Bradshaw: Honestly, I think unbelief in my own heart was a challenge. Aside from all of the obvious logistical challenges, I think the real struggle was that we believed the Lord had led us to do this, that He had spoken to us, and that He was a part of that process, and that was a very clear element of why we were doing what we were doing.
But, quite frankly, nothing like that had ever been done before. We were gathering tens of thousands of people and thousands of musicians that needed to come on their own dime to fill these tents 24/7. This had never been done; there really wasn’t a prototype for that kind of gathering. And so it required a real trust and a real faith in the process of mobilizing and facilitating what transpired there.
So we really do give credit to the Lord for His faithfulness in that. Because God really did come through. So I think the biggest challenge for me was walking out that journey of believing God and what we felt He had led us to do very clearly. And of course, working hard and building it organizationally was challenging; logistically it was challenging. But I think the core challenge was to stay in that place of faith, looking at apparent impossibilities.
That’s part of what the book is about: encouraging people to follow what God is leading them to, even in spite of apparent impossibilities or obstacles.
CP: In Chapter 9, you spoke about Christians needing to have a "wilderness" place for which they could develop spiritually. How do you make that wilderness space possible in a busy, constantly demanding and distracting world like the modern United States?
Bradshaw: I think it takes a constant, daily recommitment. Not in a striving posture or in a condemning way, but in a faith-filled way. It’s that posture of saying, “I’m going to keep my conversation with God a top priority in my life.” And that’s what I see in Jesus’ teaching in John 15 where He said, “abide in me, and you will bear much fruit.”

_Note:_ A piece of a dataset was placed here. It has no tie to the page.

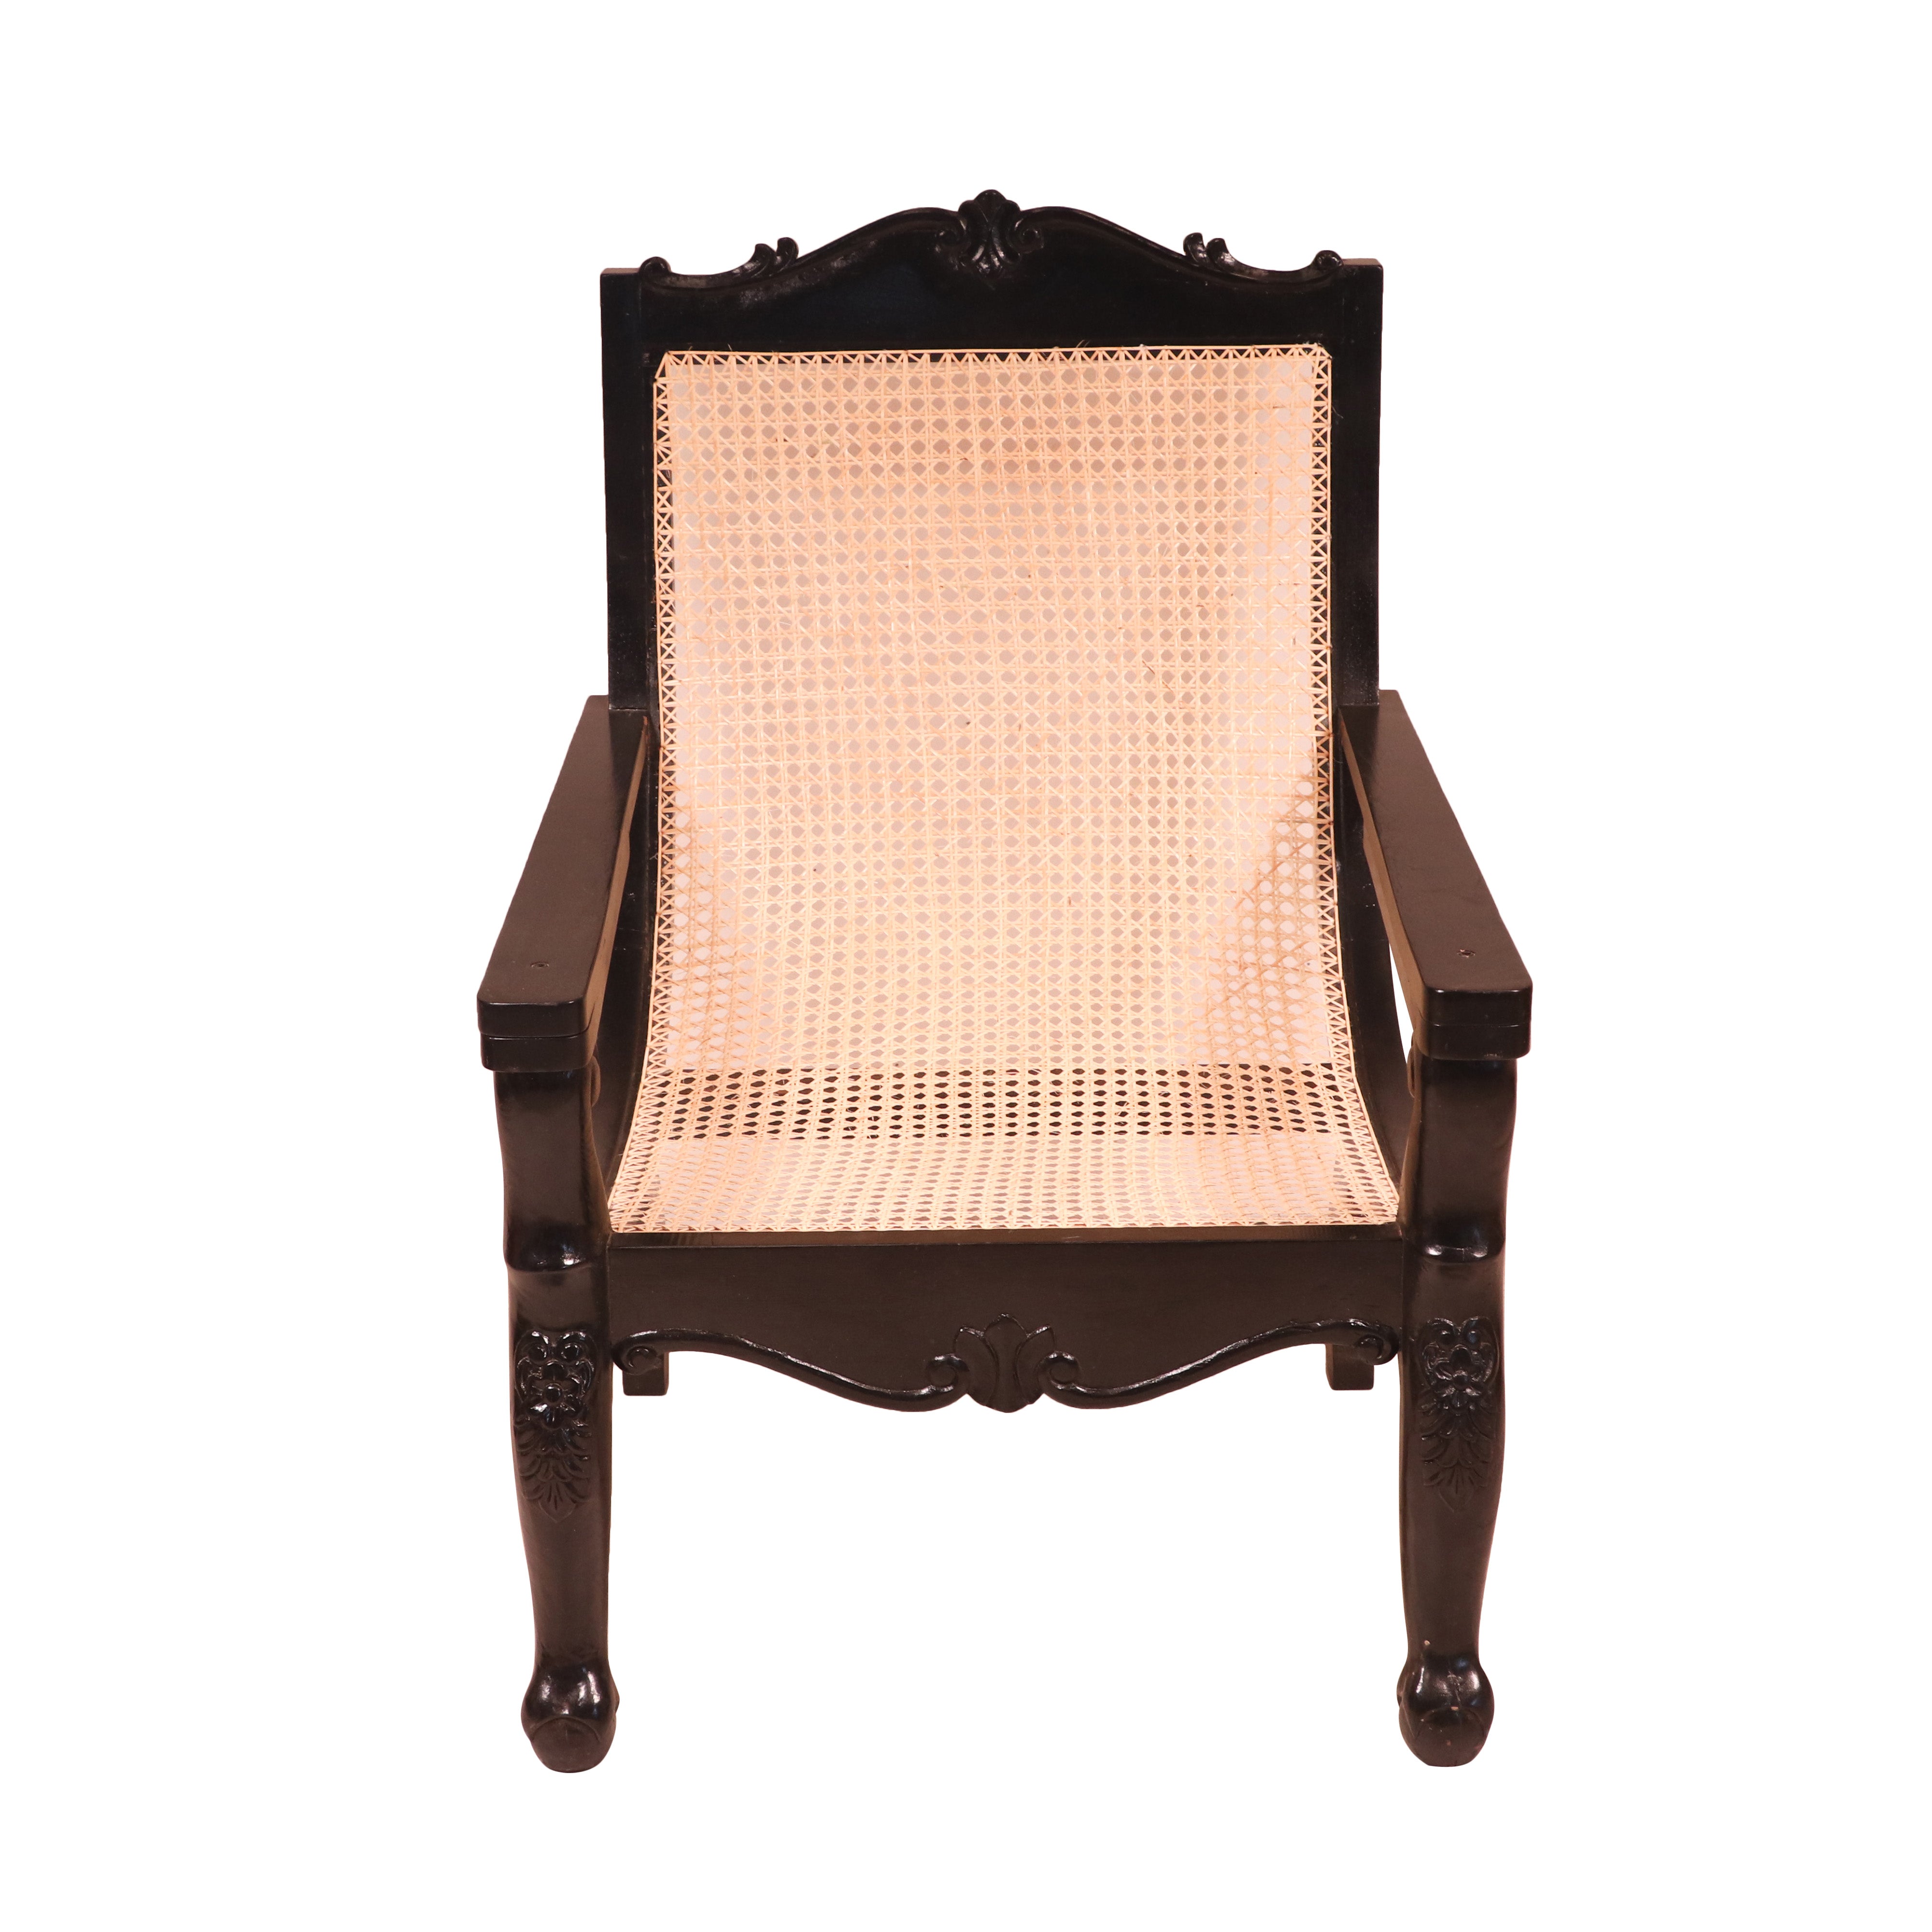 Dark polished Teak wood cane back easy Planters chair Easy Chair

That abiding, from my perspective, involves staying in that conversation with Him as a primary focus of your life.
And so in my opinion, it's making the commitment every day without condemnation how you have not done it well. I think you could do both of those. Stay connected, but don’t condemn yourself when you struggle, because everyone else is struggling too.
CP: How did the COVID-19 pandemic impact the Awaken the Dawn mission?
Bradshaw: It did impact us quite a bit.
One of the advantages we had was that one of our primary strategies is tents, which happens to be outdoors and most of the gatherings are medium-sized or small gatherings spread out across the whole nation. And so because of that, it was easier to facilitate in the context of a pandemic than other kinds of gatherings. For example, indoors or potentially a mass gathering. And so that was a real blessing for our movement to be able to continue to function that way.
And then secondly, we did pursue quite a few online options. In fact, we had a 24/7 prayer initiative via Zoom from groups across the nation that we facilitated during that time, and so there were a number of other steps that we took.
Even though it was a profound struggle, we also felt encouraged through the pandemic that God is giving strategies and wisdom that are moving us forward even amid the crisis.
CP: In many places in the book, you spoke of yourself and others being guided by God through prophetic dreams and visions. How do you respond to fellow Christians who might be skeptical that God still speaks to people through dreams in the modern era?
Bradshaw: Number one, I would point to the Scriptures because, from my perspective, it’s evident there that God continues to speak through dreams and visions.”
I would also say, I don’t see that as a primary source of guidance in our life. I see it as a secondary source. Primarily, it would be the scriptures, and then wisdom, from wise counsel, would be very significant, but I believe the scriptures just indicate that and history of the church has testified to profound dimensions of dreams and visions being part of the outworking of God’s plan.